Google it. or check the RCAC website.


----------



## ciccapt (21 Mar 2006)

What's all this about highland headdress?  2835 Niagara Falls RCACC is affiliated with an artillery unit, and therefore wears a green beret with an artillery badge.
I am a CIC capt with one of The Ontario Regiment cadet corps who, as was previously posted, has invited 2835 cadets to our JLC/SLC at Blackdown for at least the past three years.  They are a good corps, with some good cadets and good officers.  Keep it up.


----------



## S.Stewart (21 Mar 2006)

ciccapt said:
			
		

> What's all this about highland headdress?  2835 Niagara Falls RCACC is affiliated with an artillery unit, and therefore wears a green beret with an artillery badge.
> I am a CIC capt with one of The Ontario Regiment cadet corps who, as was previously posted, has invited 2835 cadets to our JLC/SLC at Blackdown for at least the past three years.  They are a good corps, with some good cadets and good officers.  Keep it up.

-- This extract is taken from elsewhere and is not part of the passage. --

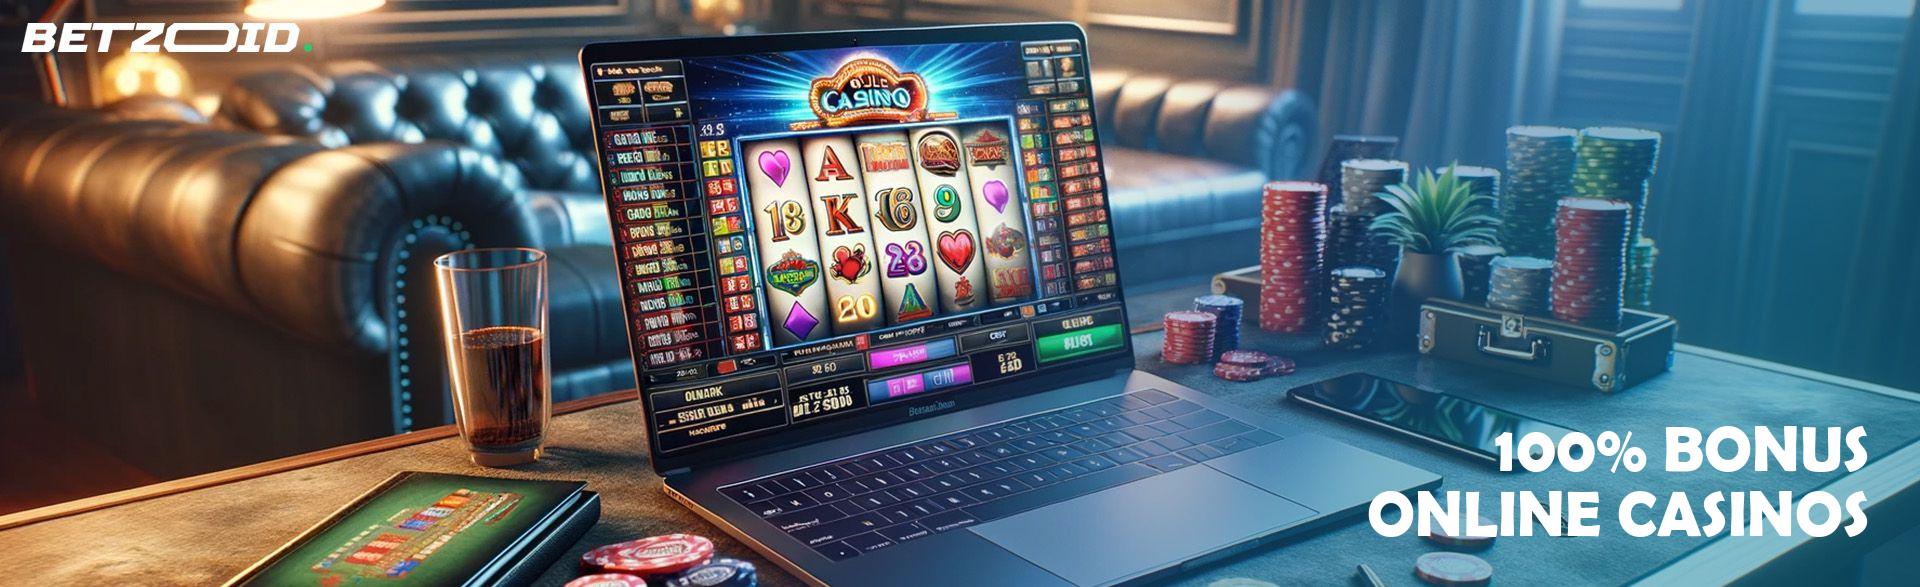 100% Bonus Online Casinos.

Yeah I was there the first year we were invited to do that course with your cadet corps, and yeah we are not a highland regt by any means, your correct, green beret with arty capbrass, actually when I was invited on your JLC/SLC course, I ended up being staff, I didnt have my NSCE, but I had 7 years of cadets and 2 years of staff going for a 3rd, and I had been teaching since silver star, thats pretty much NSCE in the bag..I just never bothered to take it....didnt need to...in my last year of cadets it wasnt gonna do me any good..lol.

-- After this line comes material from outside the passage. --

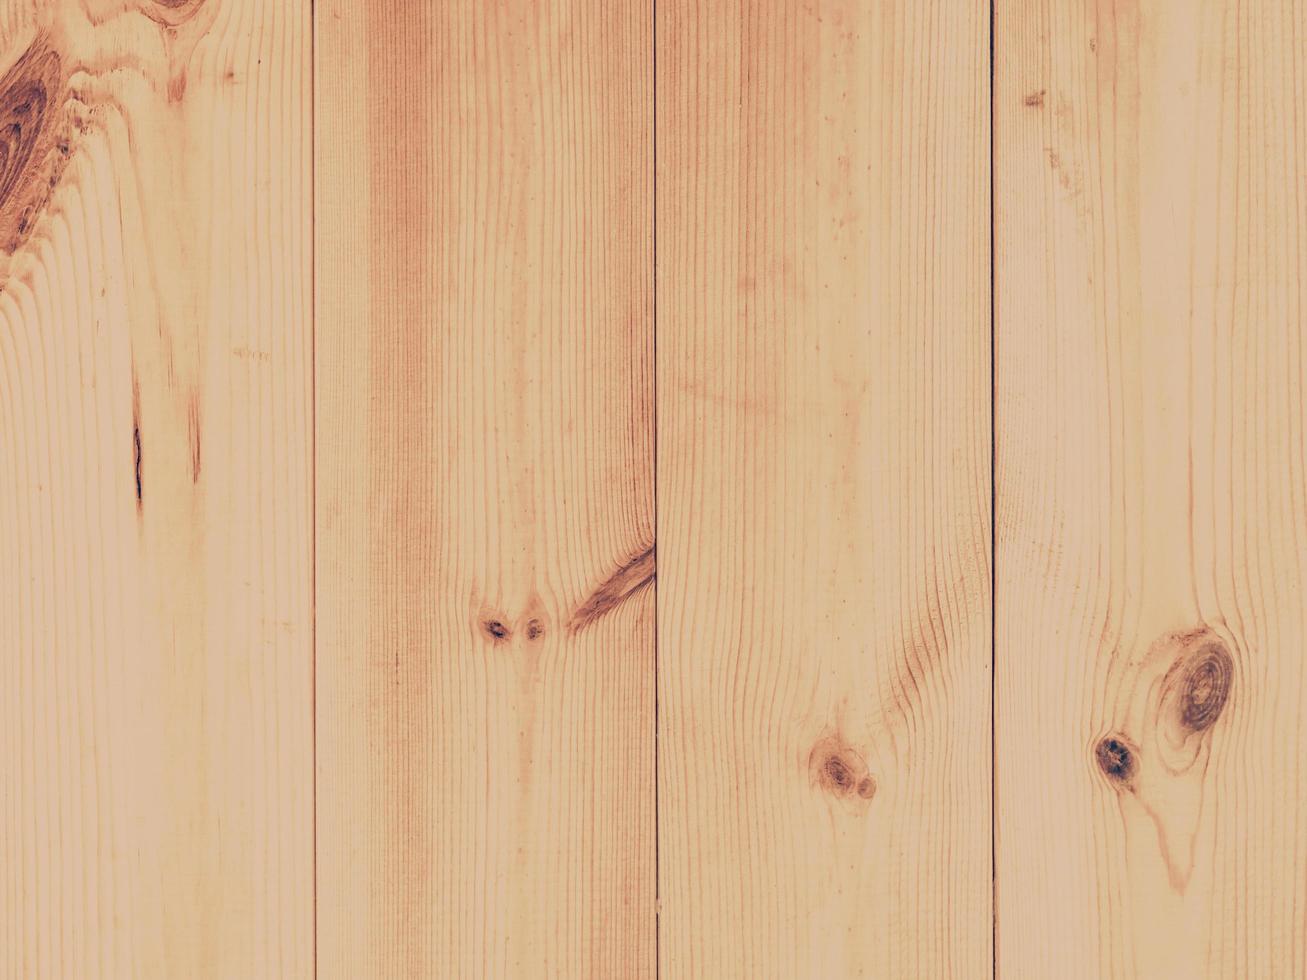 de madera pared o de madera piso con Clásico filtrar. foto

That whole setup with the ONTRS is a interesting deal, although the year I was out with you guys, it was brutally cold..lol.


----------



## cadet-drum-major (22 Apr 2006)

I know a few cadets in the 2853 Niagra falls area. They did JLC/ SLC with my regiment. It was a fun experience, instead of being with the sister corps as always, they came and made the week an experience. JLC/ SLC 2006 was AMAZING!


----------